Medill News Service: STUDY FINDS WIDESPREAD SEXUAL HARASSMENT TOWARD CHICAGO’S FEMALE HOSPITALITY WORKERS

"Kasey Nalls was 23 when she started her first casino job in northwest Indiana, clad in a tight blue velveteen uniform, serving drinks as a cocktail waitress. During her first shift, Nalls said a male patron approached and said: “I’ve got the cock, you’ve got the tail.” According to a new study conducted by Chicago’s Unite Here Local 1, Nalls’ experience is common. After surveying nearly 500 female hospitality workers at dozens of hotels and casinos in the Chicago area, the study found 77 percent of female casino workers surveyed had been sexually harassed by a guest. Additionally, 58 percent of female hotel workers reported sexual harassment from patrons."

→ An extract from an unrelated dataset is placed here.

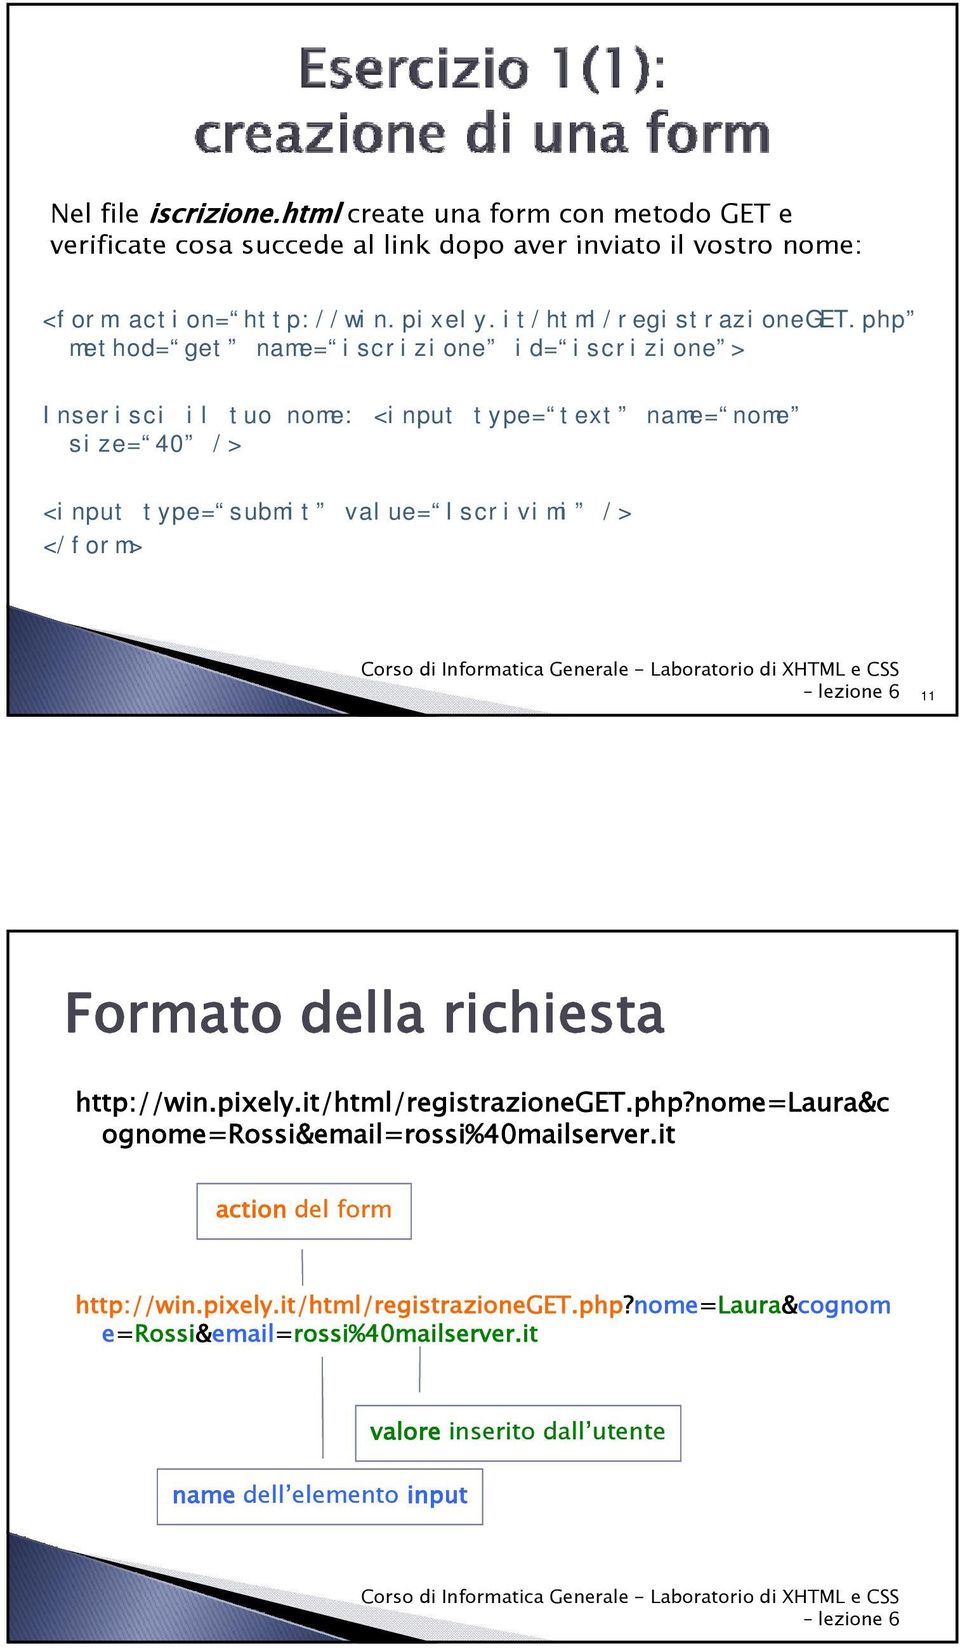 php method= get name= iscrizione id= iscrizione > Inserisci il tuo nome: <input type= text name= nome size= 40 /> <input type= submit value= Iscrivimi /> </form>

WBEZ News: New Survey Points To Sexual Harassment Rampant In Casinos And Hotels

"A study called "Hands Off Pants On' is detailing the sexual harassment of local hotel and casino workers. About 500 women surveyed say 58% of hotel workers and 77% of casino workers have been sexually harassed by male guests. For housekeepers, more than 45% of them surveyed say a guest is naked, exposes or flashes a female housekeeper when they answer the door. Those workers want panic buttons in the event that they are cornered or feel threatened by a guest. Casino workers say they'd like harassers banned from the premises."

CBS Chicago: Chicago-Area Sexual Harassment Survey Reveals Disturbing Numbers

"While the panel was assembled months ago, the topic is timely as sexual harassment and so-called “locker room” talk has made headlines recently. The “Hands Off, Pants On” panel also debuted a new video called “Union Men React to Workplace Harassment and Assault” which shows men reading women’s stories of sexual harassment. The panel was lead by Justice Anne M. Burke. Sports anchor Julie DiCaro of sister station, 670 The Score, spoke about her experience of online harassment and how a YouTube video #MoreThanMean made a difference."

Chicago SunTimes: Sneed– “Hotel hell . . . “

"Watch for a panel discussion titled “Hands Off Pants On: Sexual Harassment in Chicago’s Hospitality Industry,” to be held at 11 a.m. Tuesday at UNITE HERE Local 1, located at 218 S. Wabash St., which represents 15,000 hospitality workers in Chicagoland and Northwest Indiana. Moderated by Illinois Supreme Court Justice Anne M. Burke, the panel will include sports columnist Julie DiCaro, who participated in the award-winning #MoreThanMean video; Chicago journalist Robin Robinson and Jorge Ramirez, president of the Chicago Federation of Labor."

Reveal News: Why cleaning a hotel room makes you a target for sexual harassment

"And this month, UNITE HERE Local 1, a union that represents hotel workers, will issue a report about the state of sexual harassment in the industry. According to its survey of nearly 500 Illinois hospitality industry workers, 58 percent of hotel employees and 77 percent of casino workers said they’d been sexually harassed. Forty-nine percent of housekeepers said that a guest had opened the door naked, exposed themselves or flashed them."